== Segment start ==
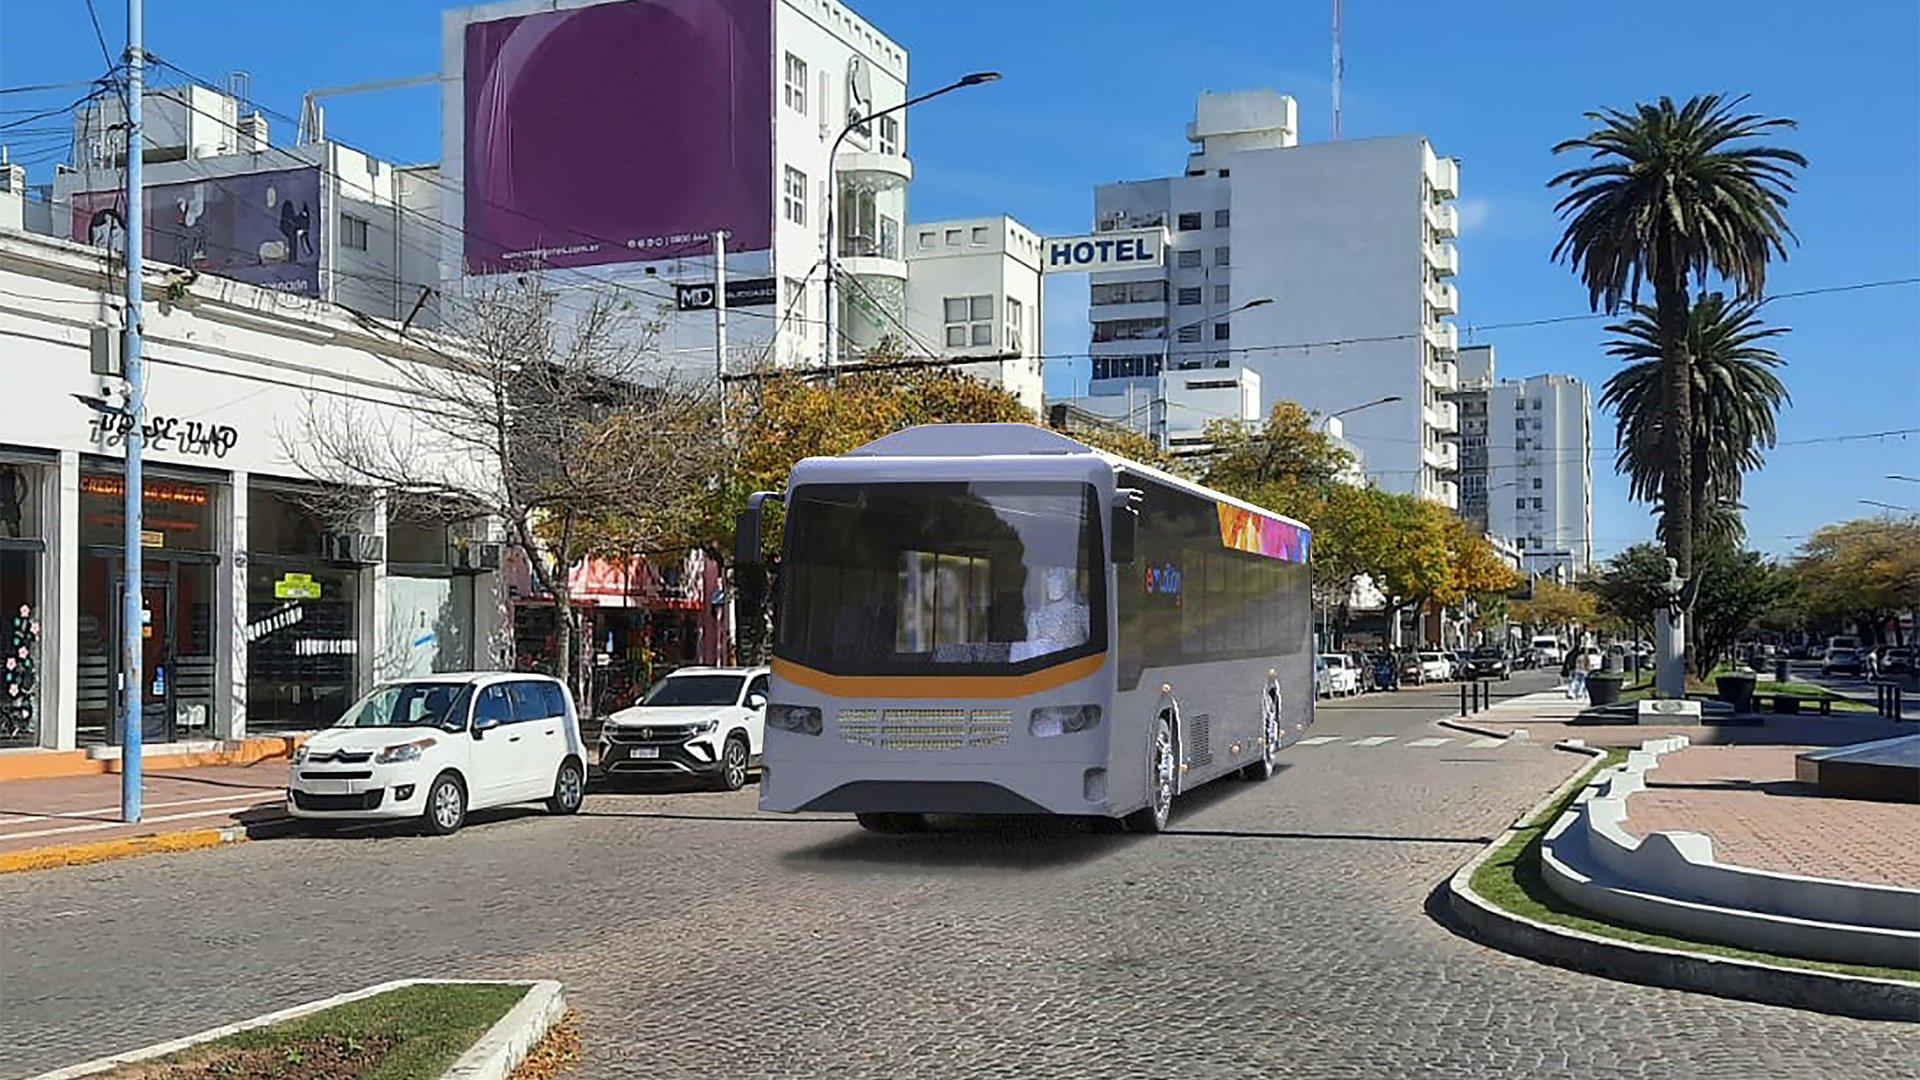 El diseño del bus urbano de pasajeros eléctrico ya está concluido. Ahora se mantienen reuniones periódicas con distintos gobiernos e instituciones para su eventual implementación en las ciudades argentinas
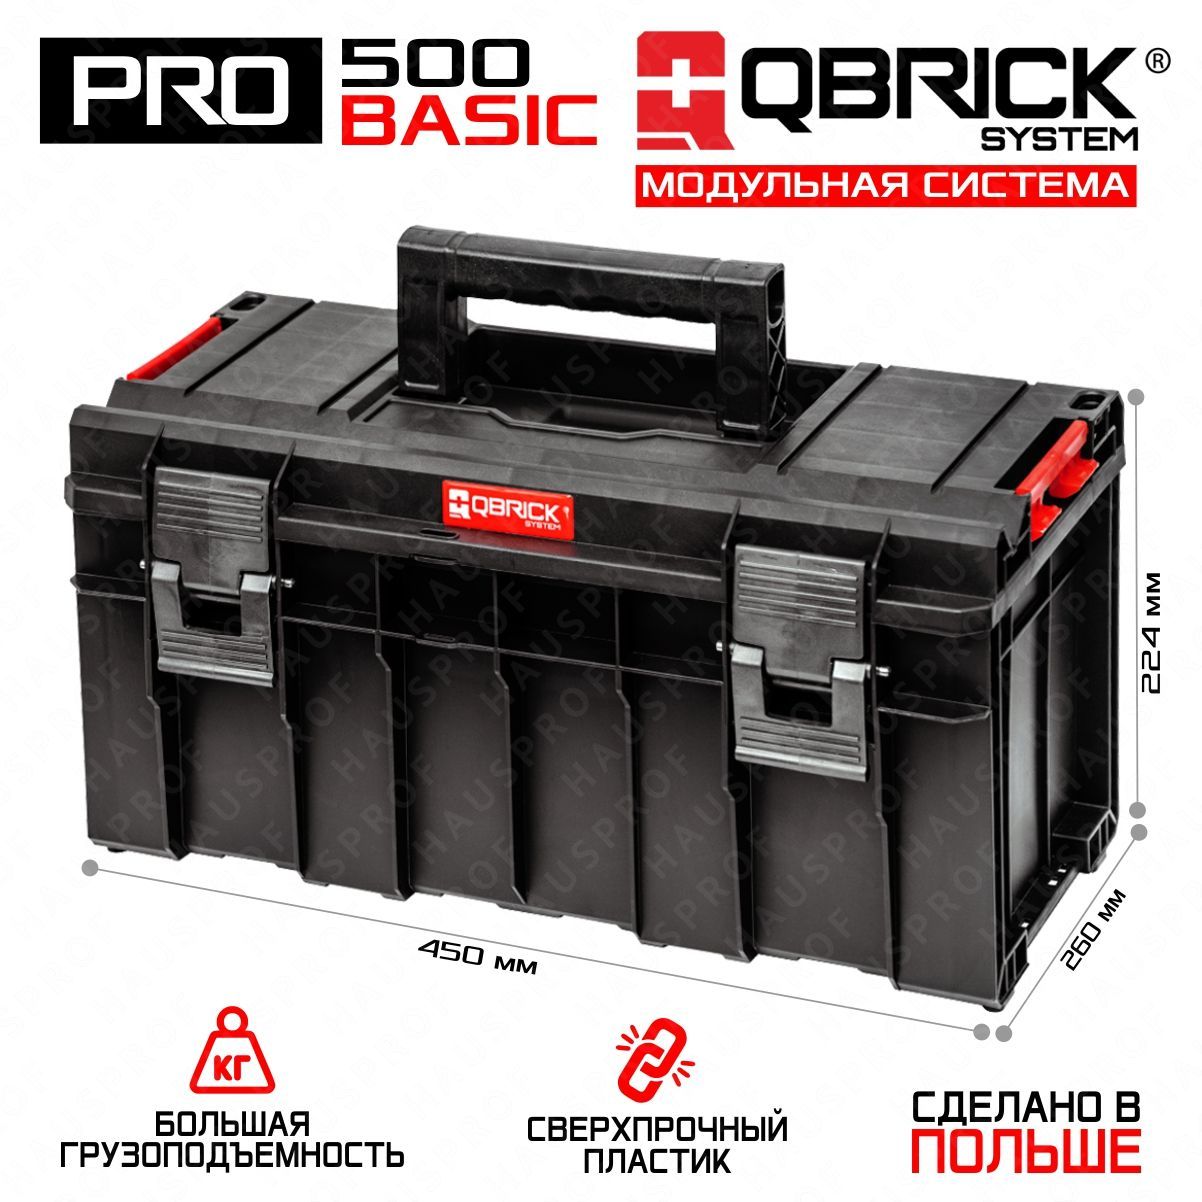 Ящик для хранения и переноски инструментов Qbrick System PRO 500 Basic
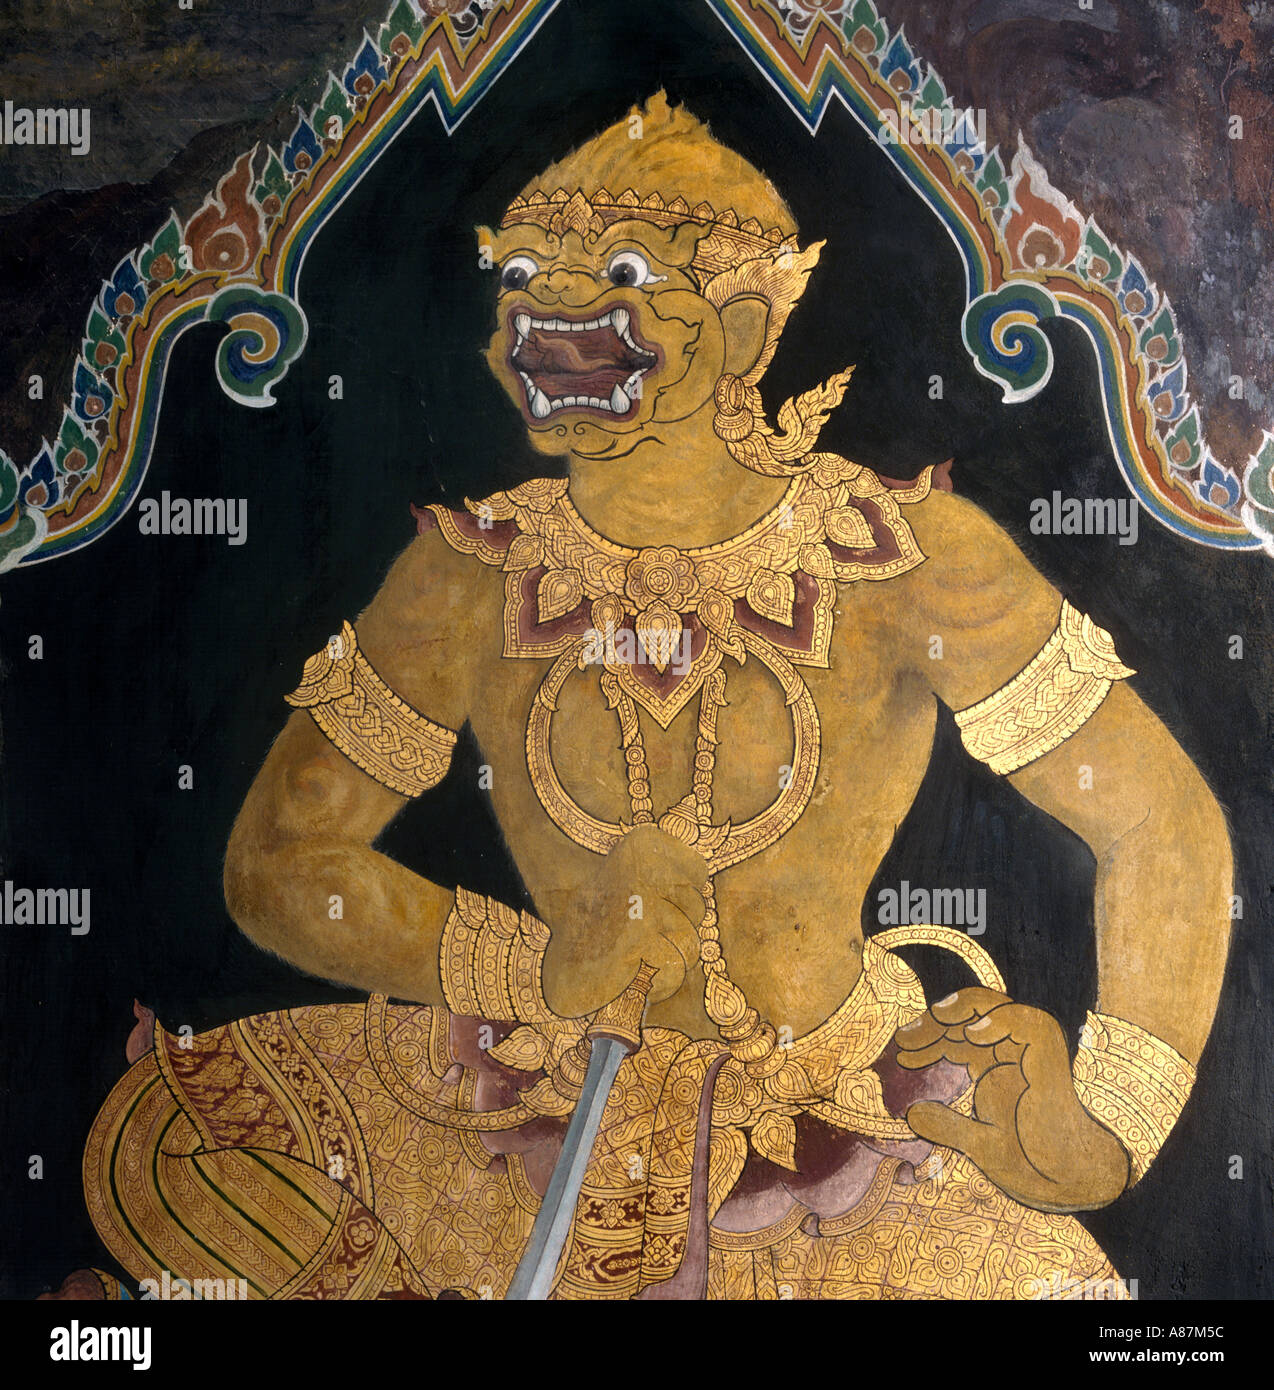 Detail of Mural in Hor Phra Naga, Grand Palace, Bangkok, Thailand Stock Photo
== Segment end ==
Repeat the lines of the listing above verbatim, beginning at its first line and ending at the line containing "Ящик для хранения", which is included. Omit pictures.

Task response:
 El diseño del bus urbano de pasajeros eléctrico ya está concluido. Ahora se mantienen reuniones periódicas con distintos gobiernos e instituciones para su eventual implementación en las ciudades argentinas
 Ящик для хранения и переноски инструментов Qbrick System PRO 500 Basic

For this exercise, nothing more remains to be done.